Step 3a: Is it even possible for you to physically get to a place that will treat you? Do you have a car? Do you live in an urban area? If you live in a rural area the nearest clinic is likely to be inaccessible by public transportation. Do you have a friend to give you a ride? Is your car running (if you own one)? If not, are you up for the minimum 3-5 mile walk to that rural clinic, while you run a 100+ degree temperature? If you live in a city, how many buses do you need to take to reach the nearest clinic that will accept uninsured walk-ins? Not all of them do.
Step 4: Getting to a clinic will take at least half a work day. Can you wait until your next day off? If not, add another half day to day in lost wages - a minimum of another $50.
Step 5: You decide you're sick enough that it's worth the additional lost wages. You have called in a favor/ found $50 in cab fare / mapped out the 3 buses required to get you to a clinic! Congratulations. Your budget is already short $200 in lost wages and $50 in round trip cab fare, plus another $50 in lost wages for time to get to the clinic. Now you have to accept that it will cost you a minimum of $100 - 150 just to enter the clinic and be seen by a licensed nurse or a doctor. (I have used Urgent Care a number of times in different states - that's a realistic amount. Same for if you have non co-pay health insurance - just walking in to the doctor's office will cost you about $150+ in most areas.)

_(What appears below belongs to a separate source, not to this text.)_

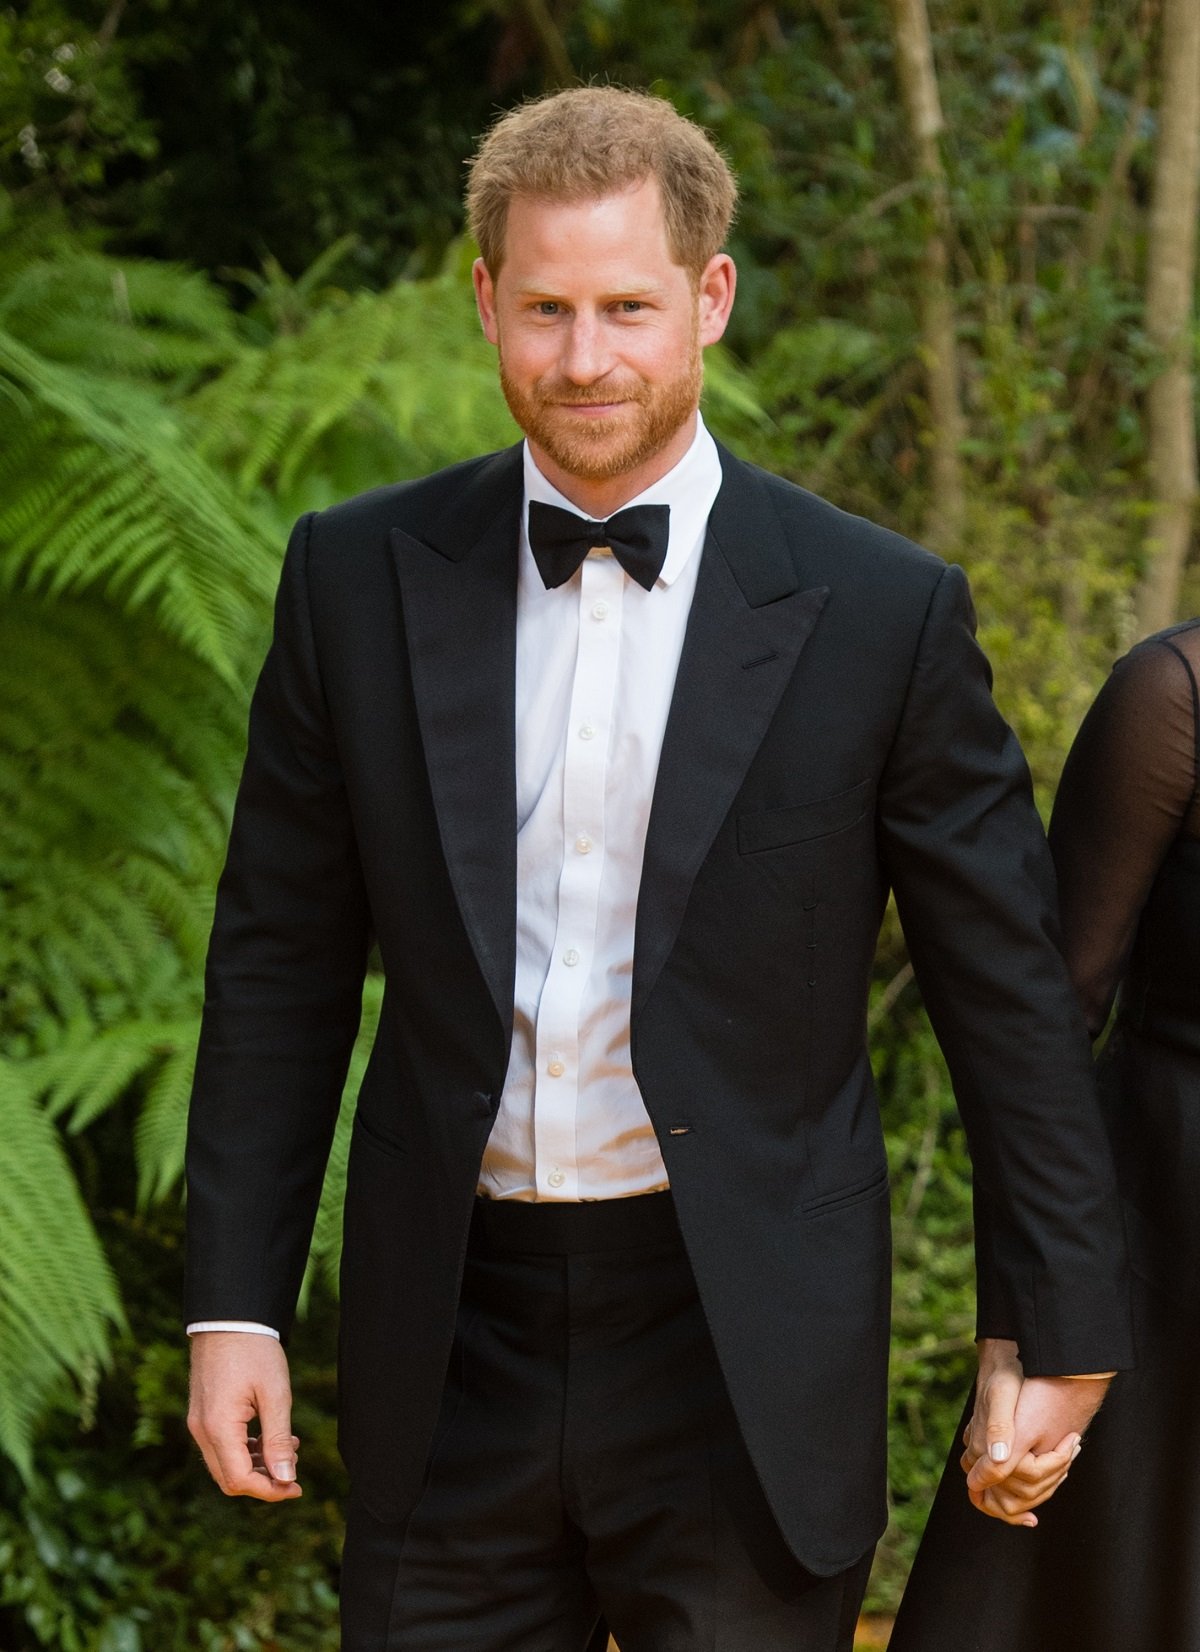 Prince Harry, Duke of Sussex, in a suit, holding hands with Meghan Markle (not fully pictured) at 'The Lion King' European Premiere at Leicester Square in London in 2019
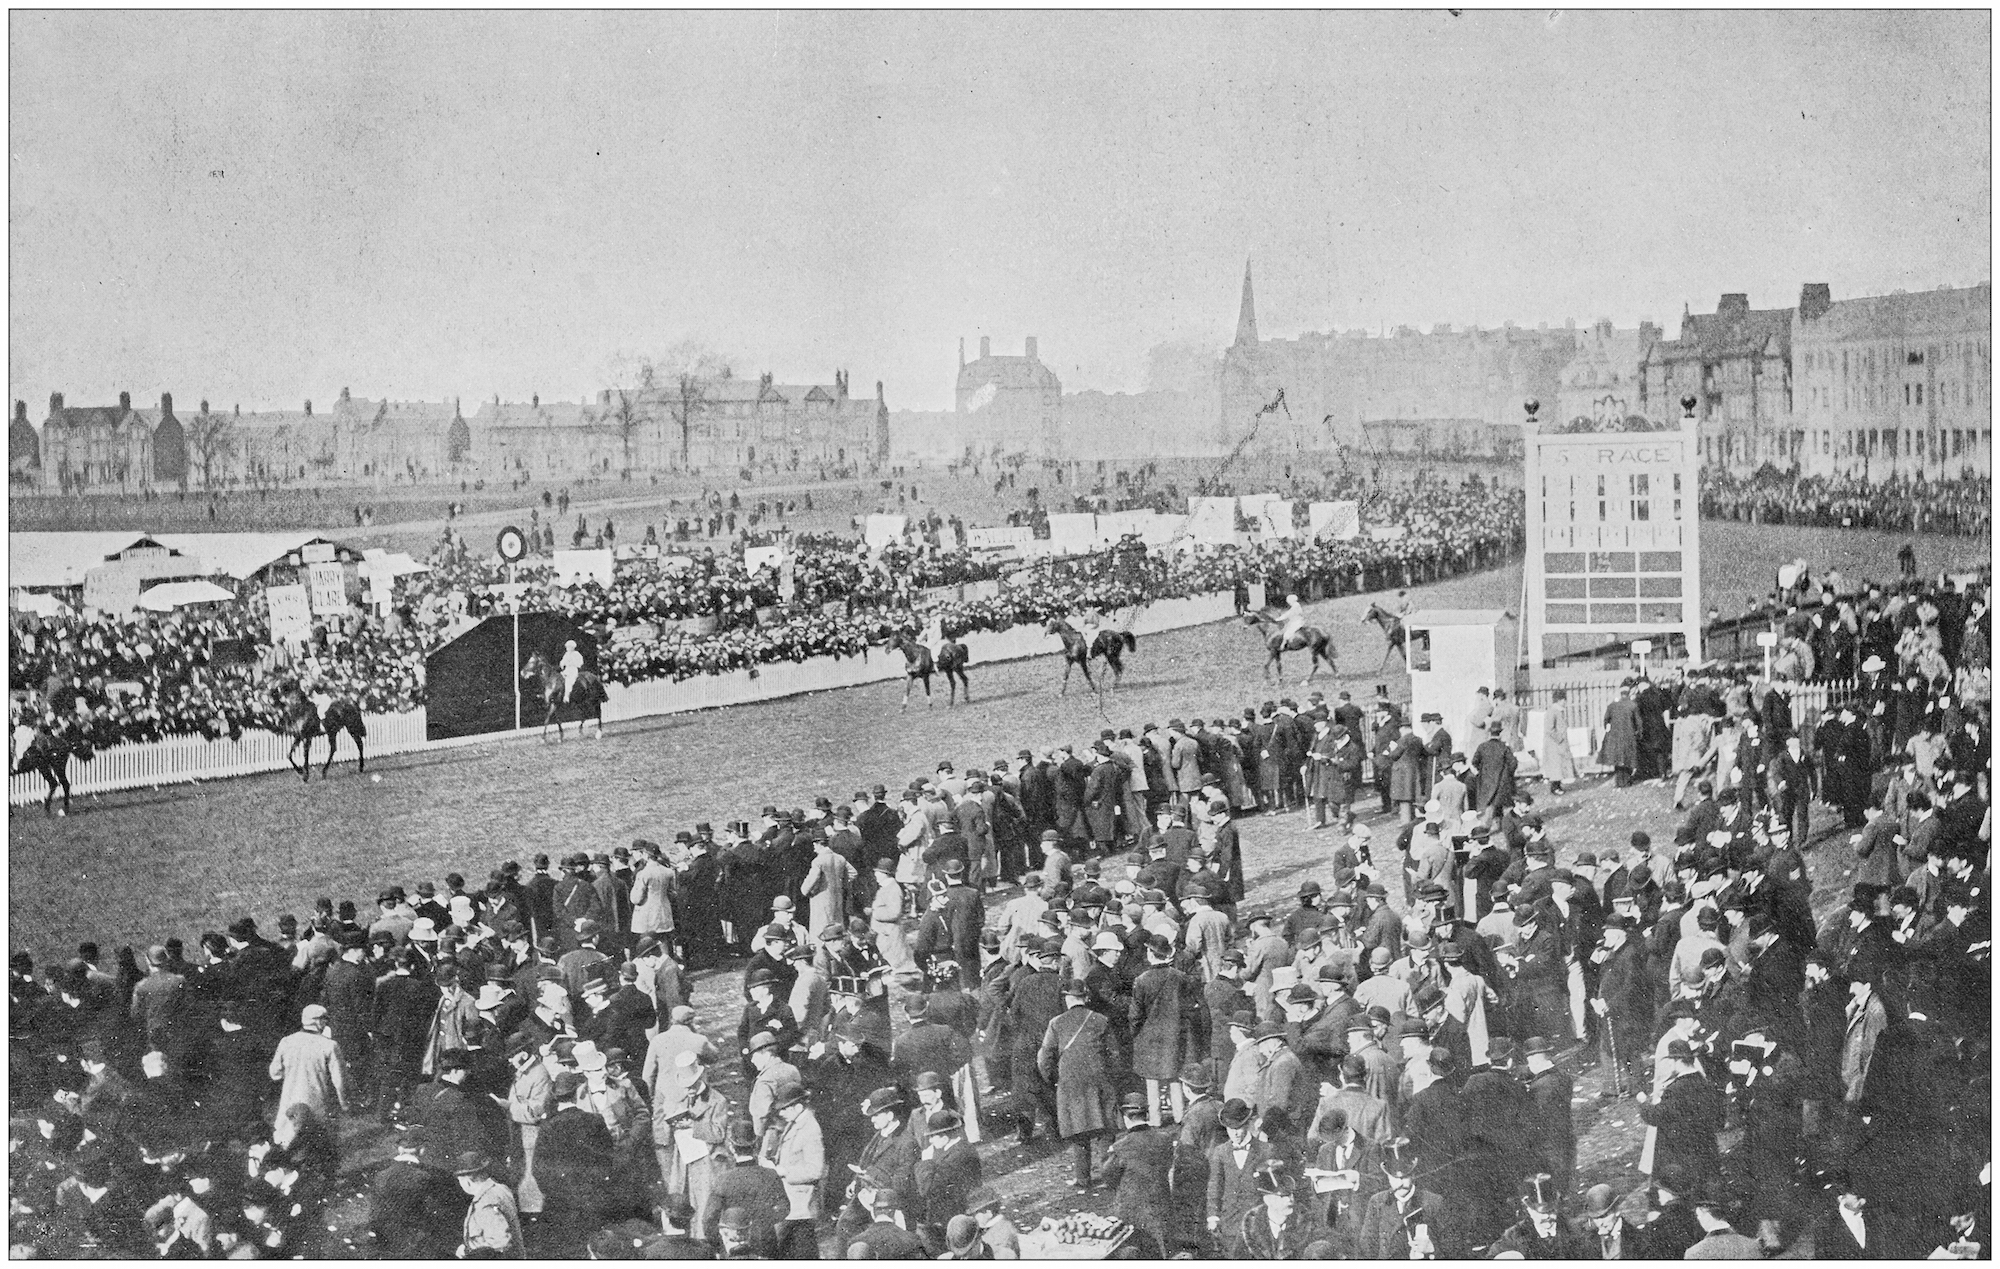 Crowds gather at Northampton Racecourse in the late 19th century. Photo: iStock.com/ilbusca

Step 6: You receive a diagnosis. Any test they may need to give you beyond blood pressure and looking in your ears with a light adds $30-50 to your total. You need two tests, but they cut you a deal. You only need to pay a sliding scale. Add $45.
Step 7A: You have a viral infection! The $45 and the $50 cab fare and the extra $50 in lost wages were all wasted money on top of the $200-$300 you were already out. Enjoy the new $295-$400 hole in your budget, go home, and have some more soup.
Step 7B: You have something treatable! That $45 in tests, $50 in cab fare, and $50 in lost wages weren't wasted! Add $80 more for a drug of some kind. If it's exotic antibiotics or anything else more complicated than a basic antifungal/antibiotic/antihistamine, add $200 or more.
Go home, take the drugs, hope you don't have any side effects, and enjoy the new $375-$600 hole in your budget. Hope you don't have to take a separate cab ride to fill your prescription.
And the next time some well-meaning, full-time employed, sick-day receiving, subsidized-health-insurance carrying person tells you that a) you should just stay home when you're sick until you're fully better and b) single-payer health care will ruin this country, try to resist the urge to sneeze your infectious, unmedicated sneeze into their latte.
[edited for days of week - waitressing big nights are Friday and Saturday, not Saturday and Sunday, and I know that.]